Ici on a celle-là pour les filles

http://www.zooplus.fr/shop/chiens/so...n_oster/183142

Je l'ai acheté, car pareil que toi, mettre 100€ 3-4 fois par an chez la toiletteuse, ça faisait beaucoup.

La tondeuse est super, j'en suis très contente, elle va bien malgré le poil "chèvre"/torsadé des morues.

Ya juste la tonte de printemps après les longs mois d'hiver qui parfois est difficile car elles font des bourres à la peau, donc à certains endroits (cou essentiellement), il faut dégrossir au ciseau avant.

Pour les tontes de fin de printemps, été et fin d'automne, elle est impeccable malgré leur poil très épais au niveau de l'arrière train, aucun soucis. Je peux m'en servir pendant 2h-2h30 sans qu'elle surchauffe (sachant qu'elle ne tourne pas en continu, on fait régulièrement des pauses pour ramasser les poils).

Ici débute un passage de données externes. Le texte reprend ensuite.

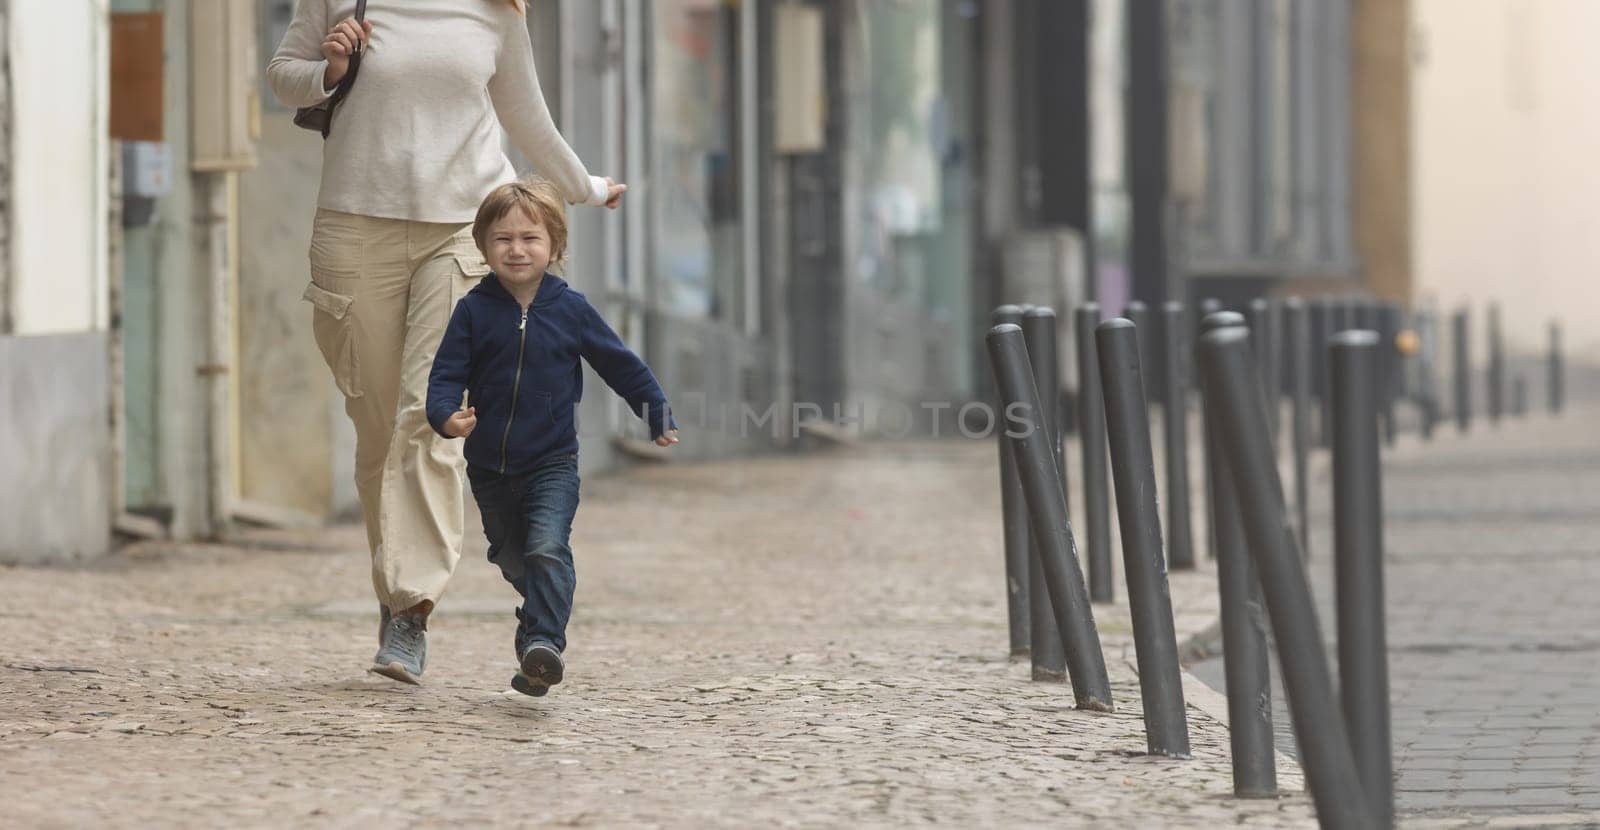 A woman and a child running down a street - telephoto

Alors clairement, comme les filles sont à poils longs, ça n'est pas aussi "beau" que quand c'était fait par la toiletteuse, ya des bouts qui dépassent, mais l'essentiel c'est qu'elle soient bien, et la tondeuse a vite été amortie.

Et elle sert même avec le petite tête pour tondre autour des bobos, c'est plus facile et plus sur qu'avec les ciseaux. Comme ça si on trouve une boule, un truc bizarre, zou un coup de tondeuse (tant pis pour l'esthétique) et chez le véto on retrouve vite l'endroit, surtout chez ceux qui se tortillent sur la table

----------


## dedel

moi j'ai celle là : http://www.zooplus.fr/shop/chiens/so...en_moser/99193

j'en suis contente, je faisais les retouches de Rubens (bearded collie) et la tonte de la cocker x épagneul de mes parents et de l'épagneul de ma gd mère. Les deux chiennes ont souvent des bourres mais aucun souci.
 je l'ai acheté en 2010 et elle tourne tjs bien, par contre je graisse bien les lames avant chaque tonte et je nettoie bien. 
Le seul souci que j'ai c'est que parfois la tête de coupe se clipse mal sur le corps de la tondeuse mais il suffit de l'aligner manuellement pour ça s'arrange.

----------


## Jess-du-51

> moi j'ai celle là : http://www.zooplus.fr/shop/chiens/so...en_moser/99193
> 
> j'en suis contente, je faisais les retouches de Rubens (bearded collie) et la tonte de la cocker x épagneul de mes parents et de l'épagneul de ma gd mère. Les deux chiennes ont souvent des bourres mais aucun souci.
>  je l'ai acheté en 2010 et elle tourne tjs bien, par contre je graisse bien les lames avant chaque tonte et je nettoie bien. 
> Le seul souci que j'ai c'est que parfois la tête de coupe se clipse mal sur le corps de la tondeuse mais il suffit de l'aligner manuellement pour ça s'arrange.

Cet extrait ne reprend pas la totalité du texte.